Harvester Farms Launches Savory Vegetable Line Harvester Farms has introduced its FreezeDried Sugar Snap Peas. To make them, fresh peas are freeze-dried, gently removing any water and then seasoned with salt and pepper to transform them into a snack. They’re vegan and largely allergy-sensitive, as they are peanut free, tree nut free, soy free, dairy free and gluten free. They contain five grams of plant protein, representing 18 percent of recommended daily dietary fiber intake, and an entire bag contains only 120 calories. Harvester Farms plans to introduce a variety of Freeze-Dried Snap Pea flavors in the coming months.

Introducing Monkey Madness Sauces Monkey Madness sauces are created by Michelin-rated Chef Sheel Joshi, who comes from an Indo-European culinary training of 25 years with influences from his travels across Europe and Asia. Sheel’s food has been recognized by Los Angeles Times, Houston Chronicle, The Food Network show “The Best of Ethnic Eats,” LA Weekly, Hollywood Reporter, travel guide “The Lonely Planet,” Paper City Magazine, Houstonia Magazine and many more.
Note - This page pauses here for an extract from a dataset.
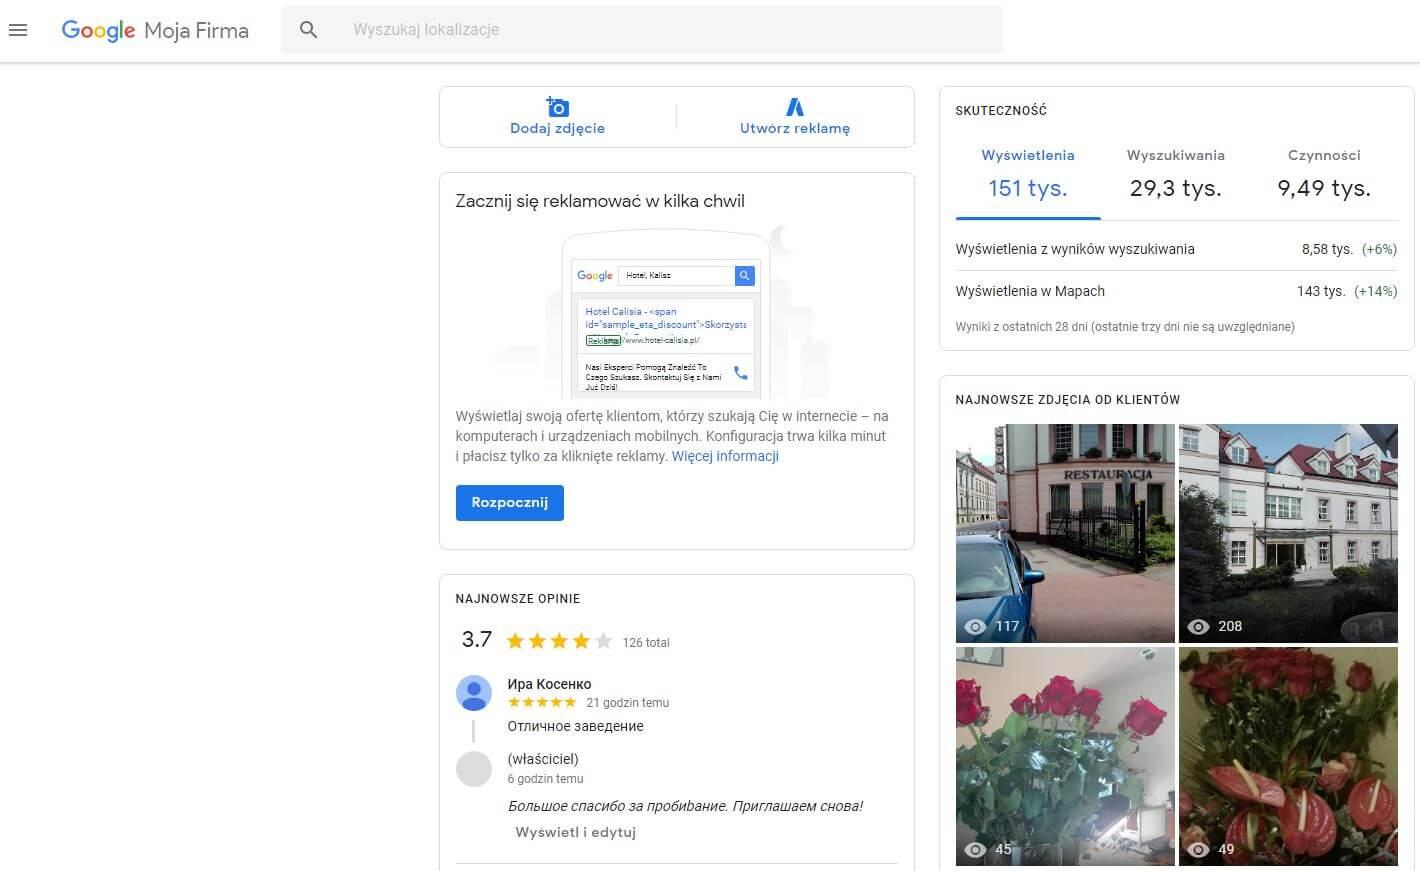 główny widok wizytówki Google
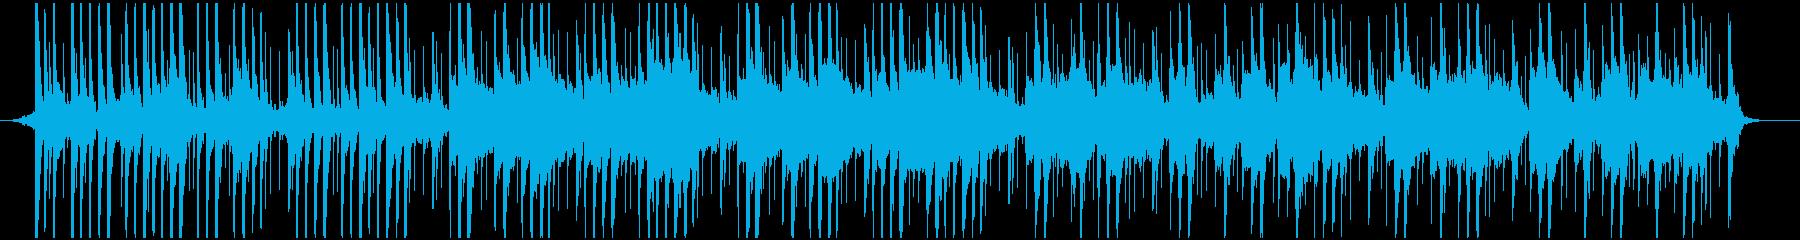 琉球音階を用いた沖縄風のBGMの再生済みの波形

Monkey Madness sauces are intended to bring fun, ease and joy of cooking to the home cook while elevating the Indian sauce market through high quality flavor, authenticity and conscious choice of ingredients.

Vow Demonstrates Dishes Prepared from Cell-Grown Meats Vow, an Australia-based food company developing meat products directly from animal cells, recently conducted a culinary demonstration of its multi-species meat platform with six unique dishes demonstarting the company’s technical ability and an important milestone on its journey to create meat products more delicious than any conventional animal meat. Six different animal species were selected from Vow’s diverse cell library and cultivated (grown from cells in a cultivator) for this product demonstration and included kangaroo, pig, lamb, alpaca, rabbit and goat.

siggi’s Donates $60,000 and Mentorship Hours Towards Community Nutrition Programs Yogurt-maker siggi’s announced the inaugural grant recipients of siggi’s startersSM, a new grant program that looks to empower dietitians to improve community nutrition at the local level. Mary Lynn Kardell, RD, LMNT; Stephanie Hodges, MS, MPH, RDN; and Jacquelyn Oddo, MS, RD, LD will each receive one $20,000 grant, the largest grant awarded by siggi’s to date. In addition to the funding, grant recipients will receive ongoing mentorship and support from the team at siggi’s as they bring their proposals to life.